Blend two vocal tracts: Paste the lips of an /y/ onto the vocal tract of an /i/. That is append the last two segments of /y/ to /i/ vocal tract function, adapt length etc.:

Attaching measured areas to a Vocal Tract Area functions in praat

Take measured areas from MRI slices of the lips, and attach them to an existing Vocal Tract Area function. Start with the recordings of /i/ and /y/ of the female speaker above. Areas for her lips were determined using an MRI image. Starting from the teeth (X=0) go outward. Only every third slice was used. Slice thickness was 1.4064 mm and the area value is positioned at slice midpoint. All values are recalculated to meters.
X /i/ (m2) /y/ (m2) /a/ (m2)
0.0007032 0.00024051 0.00017821 0.00062801
0.0049224 0.000366 0.00012811 0.00043362
0.0091416 0.00035899 0.00008623 0.00037098
0.0133608 - 0.00001303 0.00039874
0.01758 - - 0.00037381
Start with the original recorded vowels /i/ and /y/ from the female voice.
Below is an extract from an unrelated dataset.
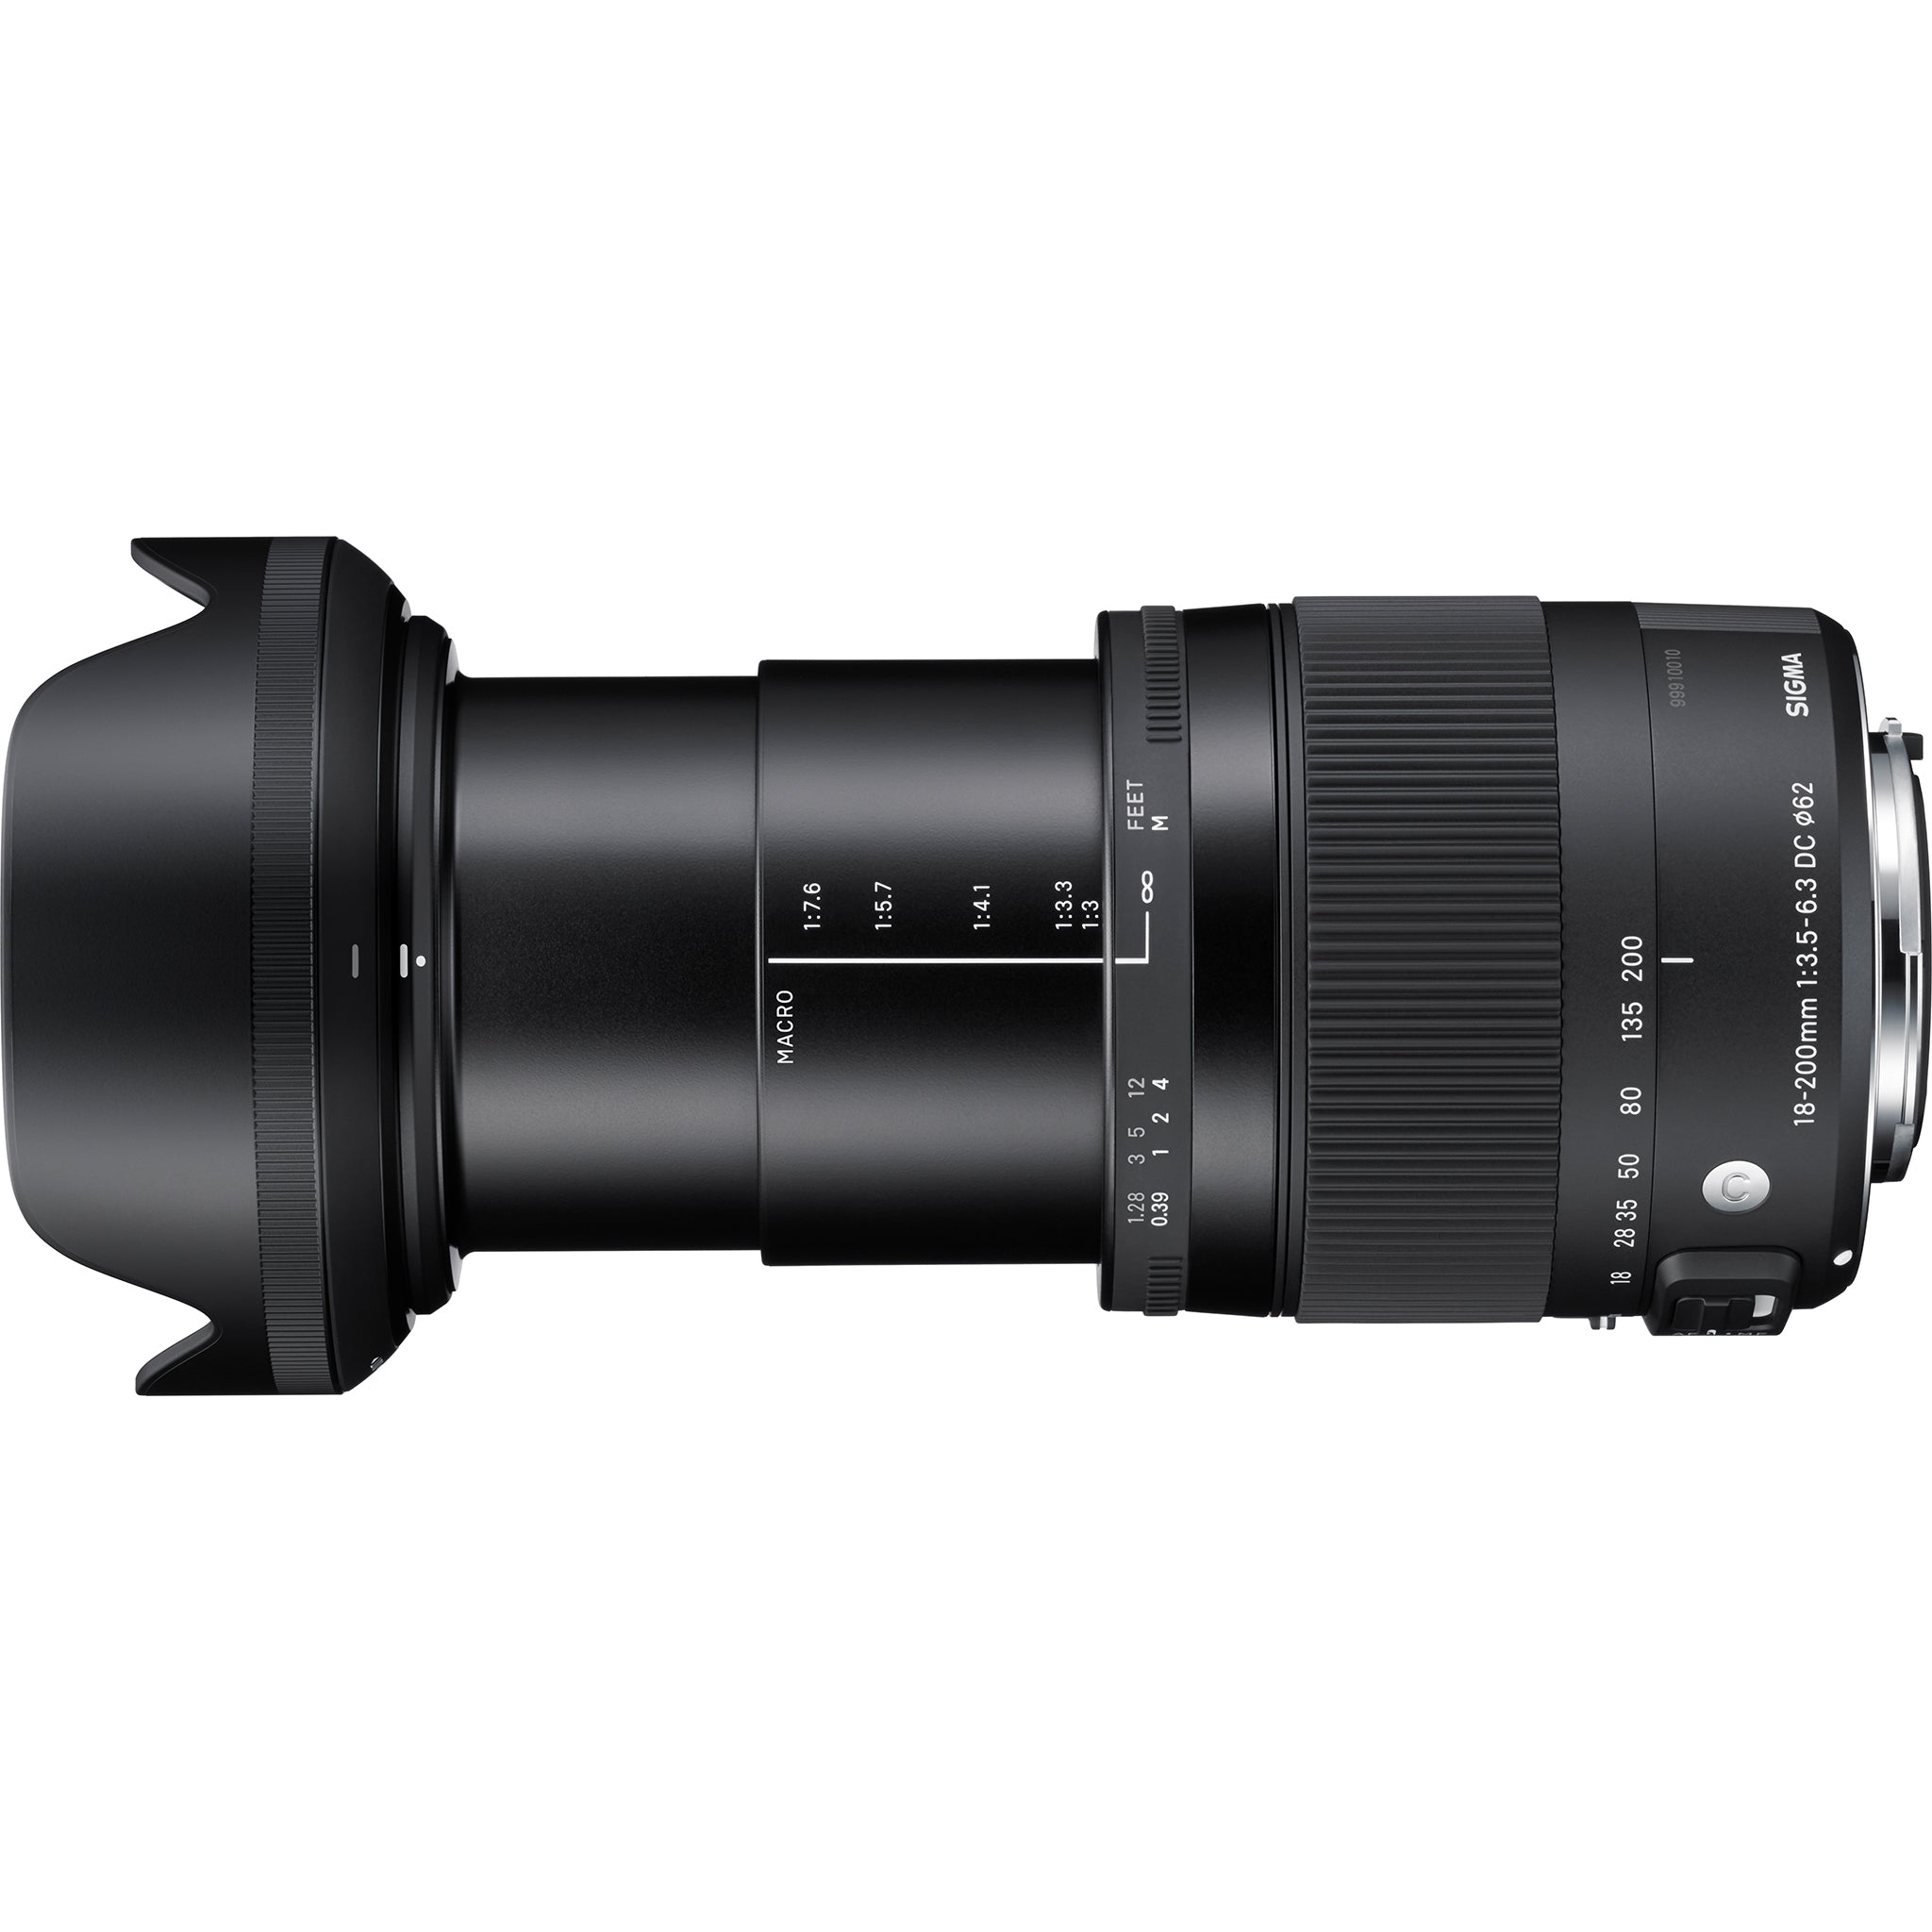 Sigma 18-200mm F3.5-6.3 Contemporary DC OS HSM Lens

Convert them to LPC -> VocalTract with order 30 and length 0.17 (/i/ VocalTract) and order 32 and length 0.1756 (/y/ VocalTract). Replace the last three sections in the original /i/ VocalTract with the values from the table for /i/ and /y/, For the /y/ table values, adapt the number of sections of the resulting VocalTract to 31 and length to 0.1756. The same is done for the last four sections of the original /y/ VocalTract. But now the number of sections for the /i/ table values is reduced to 31 and the length to 0.17. The two original and four new VocalTracts can then be resynthesized like was done above.
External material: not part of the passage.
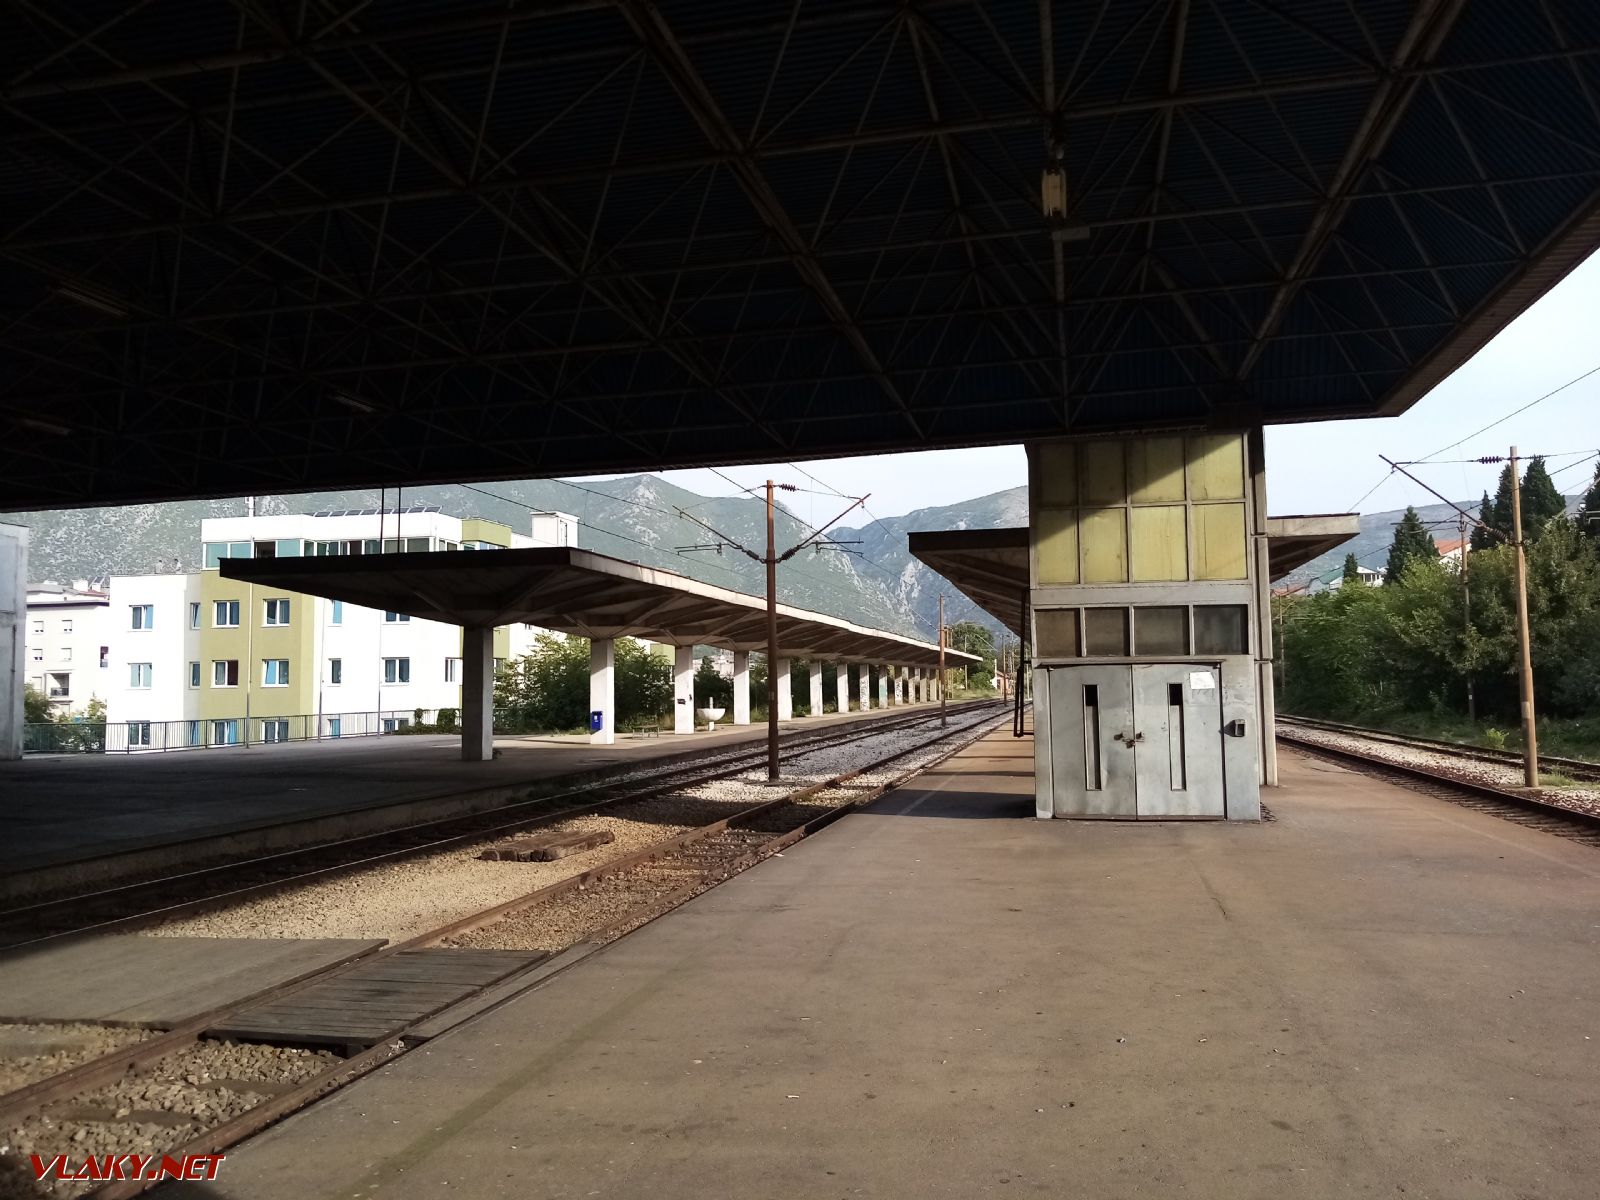 železničná stanica Mostar

Starting with the original recorded /i/

Starting with the original recorded /y/

From Vocal Tract area functions to speech

The following table explains how to get from a Vocal Tract to a synthetic sound. For synthesis, a "Source" sound is needed that supplies the driver of the Vocal Tract filter. In normal speech, the source sound is produced by the glottal folds, or voice box. You can generate a source as specified below. Note that the sample frequency of the source sound has to be equal to the number of segments in the Vocal Tract in kHz. For instance, if you have 40 segments (tubes), you need a source sampled with 40kHz. Use the Praat Resample... function to perform the resampling. The length of the Vocal Tract Tier must be exactly the same as the length of the Source sound. Below, we take a duration of 3 seconds in the presented examples. The audio example is 5 seconds long.

Here is an example generated by determining the vocal tract area function at a point in a recorded /a/ and one at a corresponding point in a recorded /i/ from the same speaker. The voice source signal is entirely synthetic.
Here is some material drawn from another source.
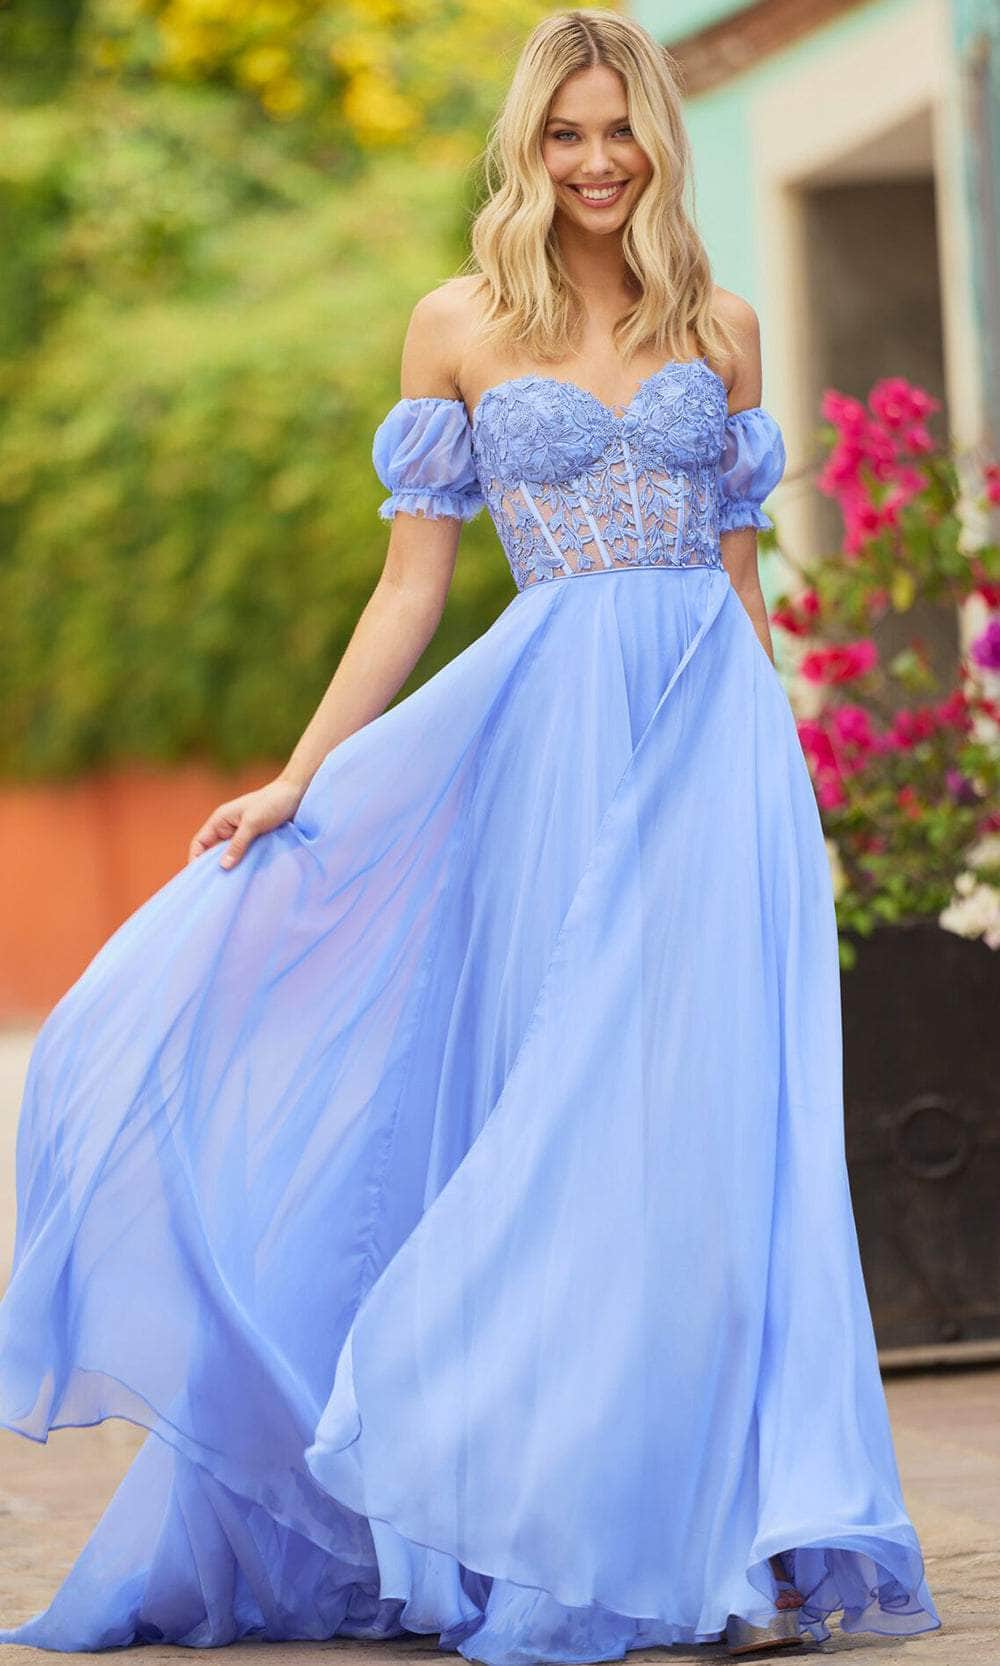 Iris Corset Lace Gown - Royal Blue

To test the synthesis, you can use the standard vocal tracts in Praat or create a Vocal Tract from recorded speech. The standard phone Vocal Tracts can be created in Praat from New->Articulatory synthesis->Create Vocal Tract from phone... . To create a Vocal Tract from recorded speech, simply read in the recording and convert it to LPC with the Formants & LPC -> LPC (autocorrelation)... options. Enter the number of segments you want in your Vocal Tract as the prediction order. Then use To VocalTract (slice)... to generate the Vocal Tract object. Save it with Save->Save as short text file... . Note that there is a rather convoluted relationship between the LPC prediction order, the sample frequency, the recorded sound and the quality of the resulting LPC model.

You can download Praat from

Sythesize sound
Read VocalTract fileOpen->Read from file... Read from file... a.VocalTract
Convert to Vocal Tract TierTo VocalTractTier... To VocalTractTier... 0 3 0.5
Convert Tier to LPCTo LPC... To LPC... 0.005
Select both LPC and Source audio fileOption/Control select source audio Sound plus Sound Source
Filter Source with LPCFilter... Filter... no
Resample to 10kHzConvert->Resample... Resample... 10000 50
Generate Source sound
Create an empty PitchTier objectNew->Tiers->Create PitchTier... Create PitchTier... Source 0 3
Add a high starting point at 120HzModify->Add point... Add point... 0 120
Add a low end point at 100HzModify->Add point... Add point... duration 100
Convert it into a phonation soundSynthesize->To Sound (phonation)... To Sound (phonation)... 40000 1 0.05 0.7 0.03 3 4 no
Scale to a nice intensityModify->Scale intensity... Scale intensity... 70
Create Vocal Tract
Read audio fileOpen->Read from file... Read from file... a.wav
Convert to LPC with predition order 40 for 40 tube segmentsFormants & LPC -> LPC (autocorrelation)... To LPC (autocorrelation)... 40 0.025 0.005 50
Convert LPC to Vocal tract, use slice at 2 seconds and a total vocal tract length of 20 cmTo VocalTract (slice)... To VocalTract (slice)... 2 0.20

Example files /i/ /a/

Example files /i/ /y/ (LPC order 44)

These files all Copyright © 2012 NKI-AVL and R.J.J.H. van Son. Licensed under the GNU GPL v3 or later See below

Vocal Tract tube models

The Vocal Tract area functions model the human vocal tract as a set of connected tubes with variable width. Determining the tube, or segment, areas with LPC is not very reliable. Below are presented tube models as determined with LPC (prediction order 40) and the "theoretical" models as given by Praat New->Articulatory synthesis->Create Vocal Tract from phone....
Vocal Tract tube model of /a/ (example) Vocal Tract tube model of /i/ (example)
Standard Vocal Tract tube model of /a/ Standard Vocal Tract tube model of /i/
Vocal Tract tube model of /y/ (example) Standard Vocal Tract tube model of /y/

VocalTract file format

The example VocalTract file below is created with Save as short text file... . There is a more descriptive (longer) format that is obtained with Save as text file... .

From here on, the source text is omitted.